I can’t help that nudge of disappointment that he’s not here because he wants to be. “You’ve confirmed I am, in fact, resting, so you can go.”
Dylan’s nose hovers mere inches from mine, so close I can almost feel the warmth of his breath on my skin.
“Resting doesn’t mean you have to lock yourself in your room.”
“Since my life revolves around skating, I don’t exactly have any plans outside of it.”
“Then it’s a good thing you have me.” He stands and extends his hand for me to take, just like he does on the ice. “Come on.”
“Where are we going?”
“Let me worry about that.”
I put my hand in his, not wanting to focus on the mess my brain is constantly spinning. And in the quickest almost imperceptible move he flips it, looks at my palm—at the faded smiley face—then back to hold it in a firm grip. One that doesn’t loosen, not even when he asks if I’m ready to sprint to his car in the pouring rain. We bolt across the rain-soaked pavement. My hair is wet even after he tries to hover a hand over my head. I almost slip, but he’s quick to steady me. I don’t recognize the laugh that spills from my lips.
As soon as we’re in the car, I carefully gather my hair, mindful not to let the droplets touch his leather seats. He, however, has no such concern.
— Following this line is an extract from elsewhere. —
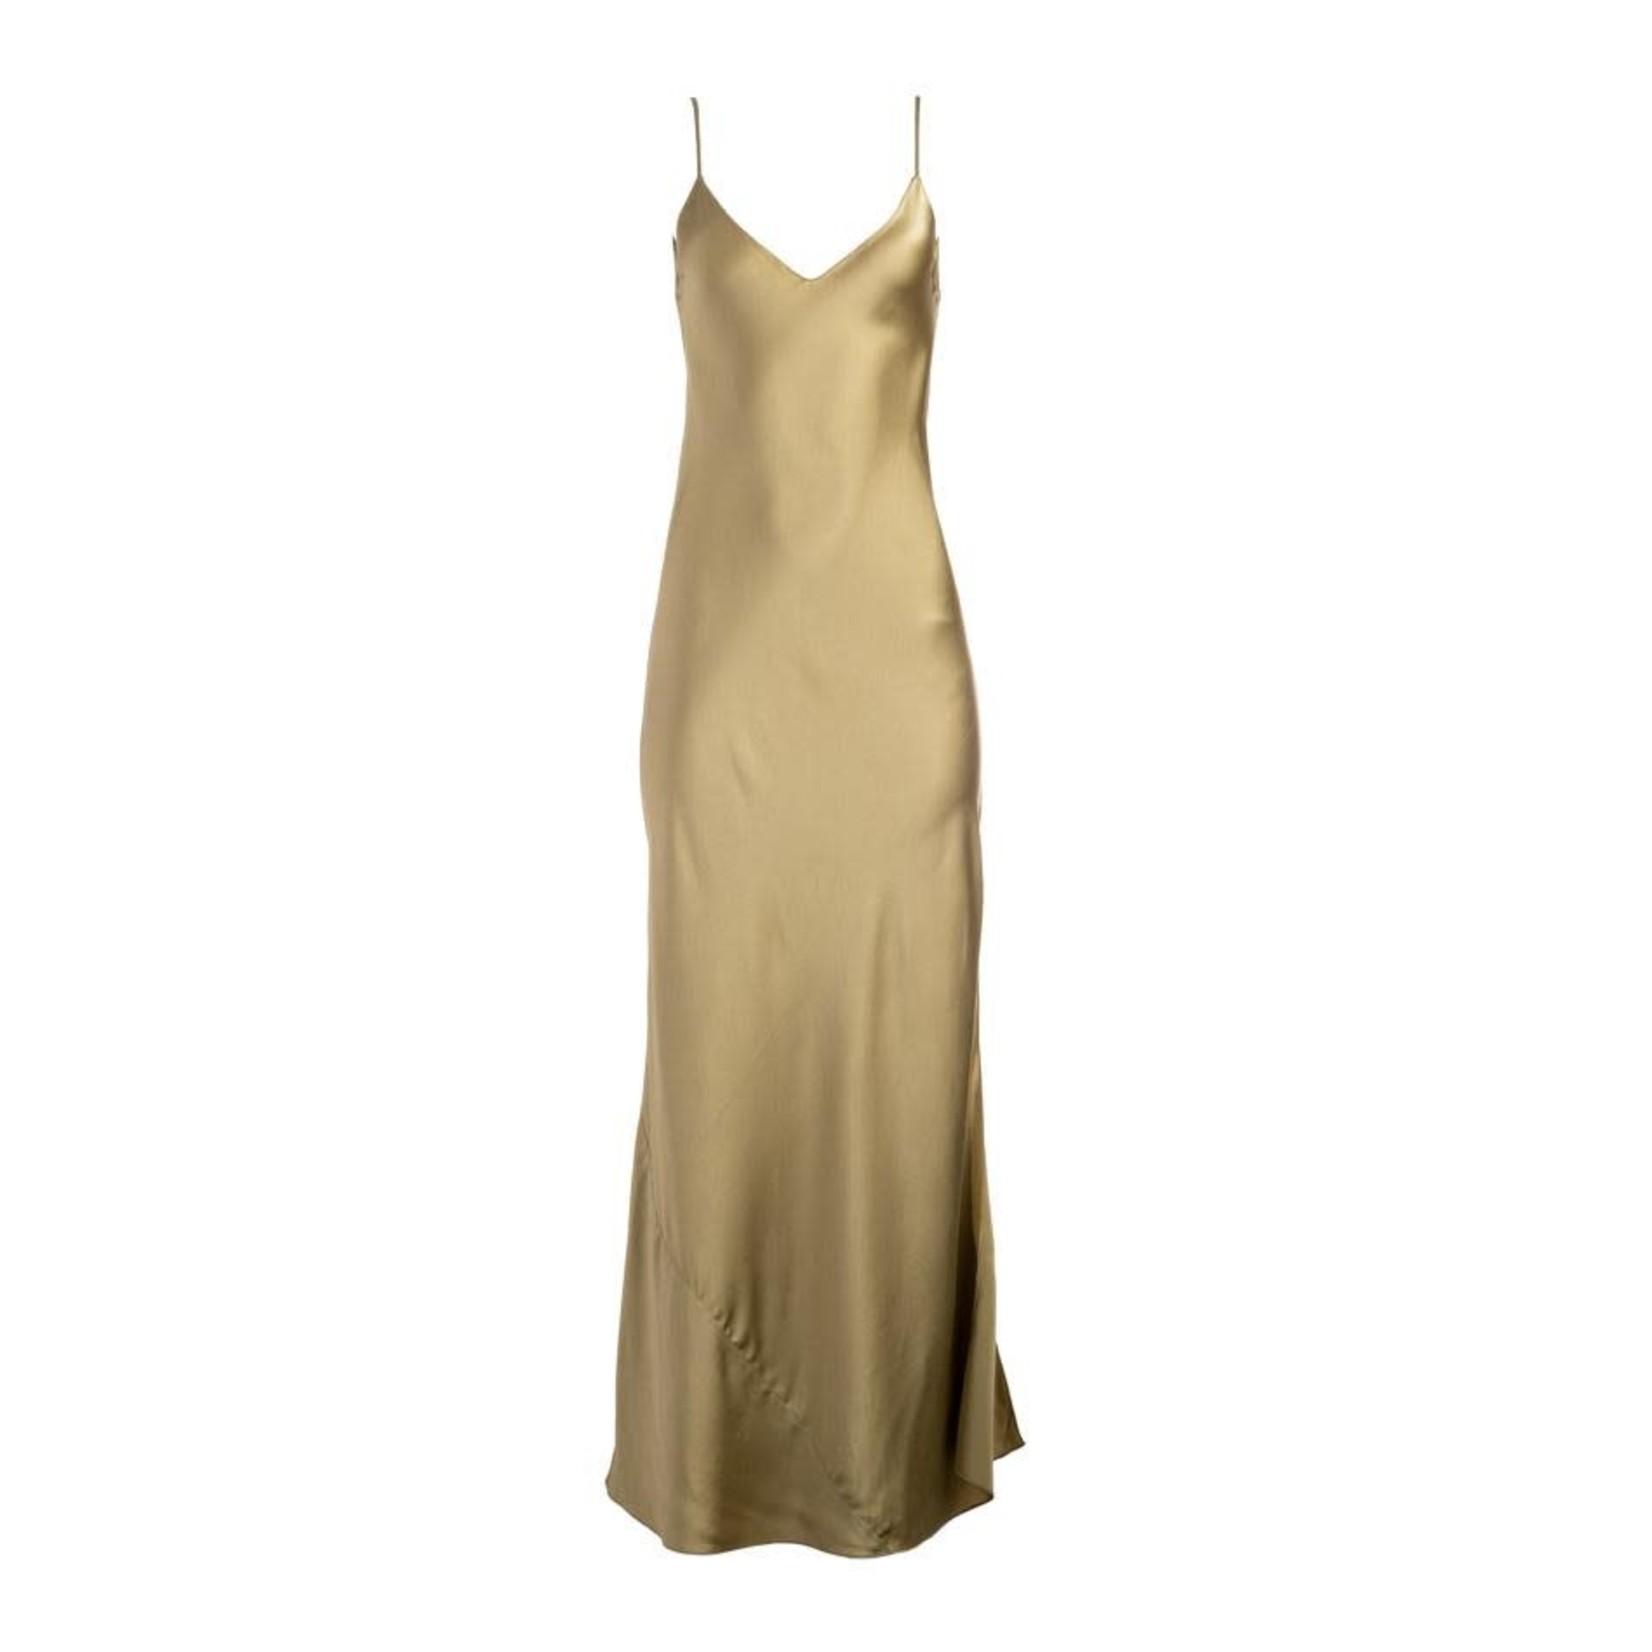 Dannijo Khaki Long Slip Dress

With a carefree grin, Dylan shakes his head, sending water splattering across the bright display and onto me.
Is it bad that I want to lick the water droplets off his face?
“It was supposed to be clear skies tonight,” Dylan says. There’s a crease on his forehead as he looks at the darkening sky.
“It’s only supposed to rain for a few more minutes. Why? Do you have somewhere to be?”
He looks at me then, the crease disappearing. “Yeah.”
Oh.
A jolt of disappointment torpedoes into my stomach, and I hope it doesn’t show on my face. In the short time I’ve been outside the stuffy dorm, I’ve relaxed. Rather than obsess over my routine and relive flashbacks of a certain competition, I’m occupied with each smirk Dylan gives, and counting how many shades of brown his eyes are. A part of me wishes it would stay gloomy all day, so he’ll have to cancel.
The radio is tuned to the hockey game, Toronto versus Los Angeles. For some reason, I thought after we started skating, hockey kind of blurred away for him. He never talks about it, never mentions it. But right now, I realize how much of it is still inside of him, how much he must miss his sport.
“Do you miss it?” I blurt.
He tenses, but then he shrugs, eyes still on the road. “It was a part of me for so long, I don’t think I ever thought I’d lose it. It’s like a limb. You take it for granted, and one day maybe it aches, gets injured, or you lose it altogether, and you realize how much you relied on its function. But I guess that’s how most things go. You only appreciate them when they’re gone.”
I’m taken aback by the sudden insight into his head. “I get that.”
He glances at me. “Yeah, I guess you do.”
Still lost in my thoughts, I jump when he drops his phone in my lap. “Here, play whatever you want. It’s unlocked.”
I pinch it between my fingers. I can only imagine the kinds of things this gadget has seen.
“It doesn’t have a disease, Sierra.”
“You sure?” I don’t have to look at him to see his glare. “I mean, you could have pictures and other … things on here.”
“Just play the music,” he orders.
Well, there goes my innocence. What was left of it since the other night anyway. When I scroll through his favorites, I’m met with an endless stream of country music—playlists upon playlists, mostlyshared by his friends. But then, one catches my eye, standing out from the rest. A playlist titledFirefly.
“Find something?” he asks when he merges onto the highway.
I’m still scrolling through the songs, my suspicion growing with each one I recognize. It’s eerily similar to the music I skate to—disjointed yet perfectly suited to my moods. Somehow, every one of those tracks is here.
“Do you ever make your own playlists?” I ask, trying to sound casual.
He glances at me, then back to the road too quickly. “If I’m inspired enough.”